Andy from “The Devil Wears Prada” was rich in true friendships before she
started working for Miranda. At the beginning of the film, the friends cheer to good
times and jobs that just “pay the rent.” Their jobs were secondary and they made
each other number one. They were happy even though they didn’t have a lot of
money. However, when Andy began to change, her true friendships did too. Her
friends noticed that she was putting them on the back burner and her relationship
with her boyfriend was suffering as well. Her friend of 16 years did not hesitate to
remind Andy of who she was before she let the magazine industry change her. This
is a great service that only true friends can provide; the mirror in which to see
ourselves. Andy was too caught up in her job to see that the things that really
mattered were changing, but her friend was able to point it out to her.

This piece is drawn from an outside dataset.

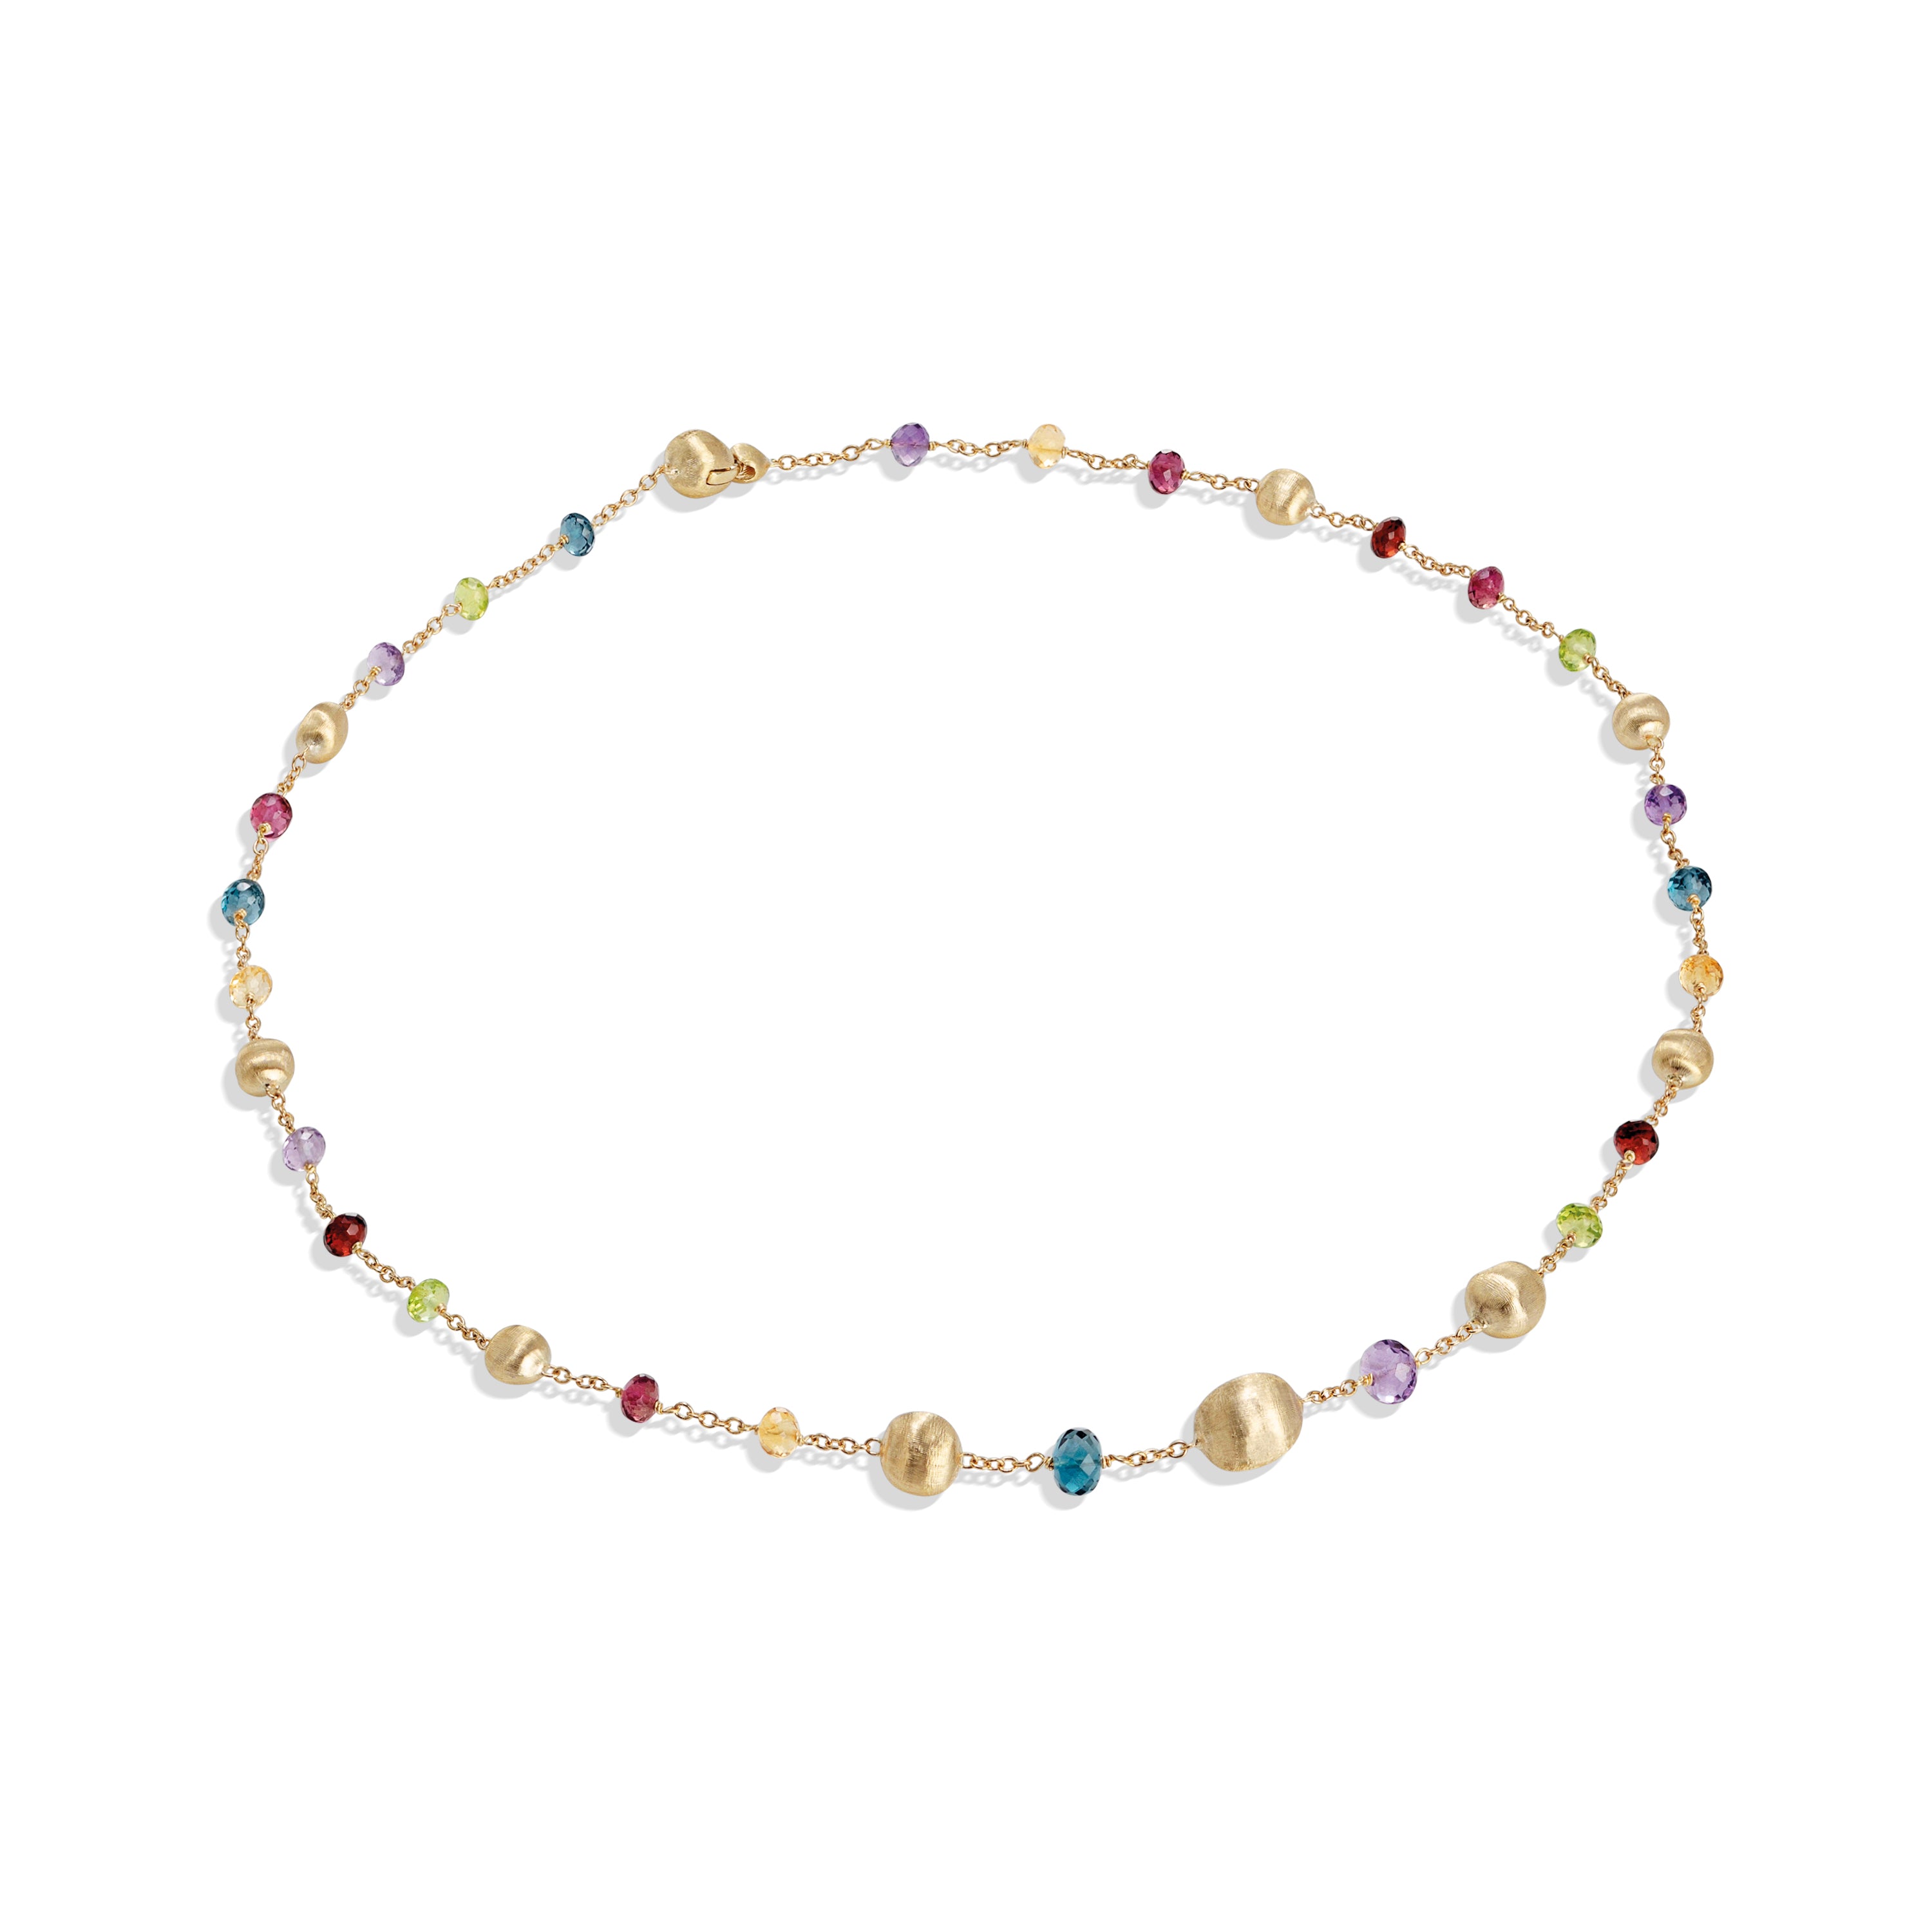 18K YELLOW GOLD MIXED GEMSTONE NECKLACE FROM THE AFRICA COLLECTION

It is also important to note that true friends are forgiving. People change
and falter, but a friendship that has grown over years should be able to withstand
some of that. Andy went back to her boyfriend and friend to apologize, and he was
able to forgive her. He knew that there still remained a true and honest person
under all of the fashionable clothes and because he was able to wait and forgive her,
both were able to regain the relationship in the end.
Friends also help us to live more virtuously. If we are fostering relationships
that include trust, respect, and unconditional love, we in turn become a more
compassionate and morally noble person. We help our friends and ask for nothing
in return. In return, we receive help and more unconditional love. Friends also help
us to remind us of who we are and what is of true importance to us, keeping us
grounded and free from reckless self-deception (Aristotle Nic. Ethics Book VIII).
In conclusion I believe it is true friendship that makes us rich. Aristotle said
this years ago when he questioned us to create a purpose for our prosperity without
friends. When someone is selfish and greedy with their prosperity and wealth, they
lose sight of what is naturally meant to make us happy: each other. Money and
objects will never be able to give back, therefore we do not use the term “love” to
describe the relationship. But people however, can provide a great service to us that
can never be bought (Aristotle Nic. Ethics Book VIII). Through each other we
become stronger, have more help, and know ourselves in a way that can be analyzed
and create a truly happy life.
Aristotle. Nicomachean Ethics Book VIII. 350 B. C. E.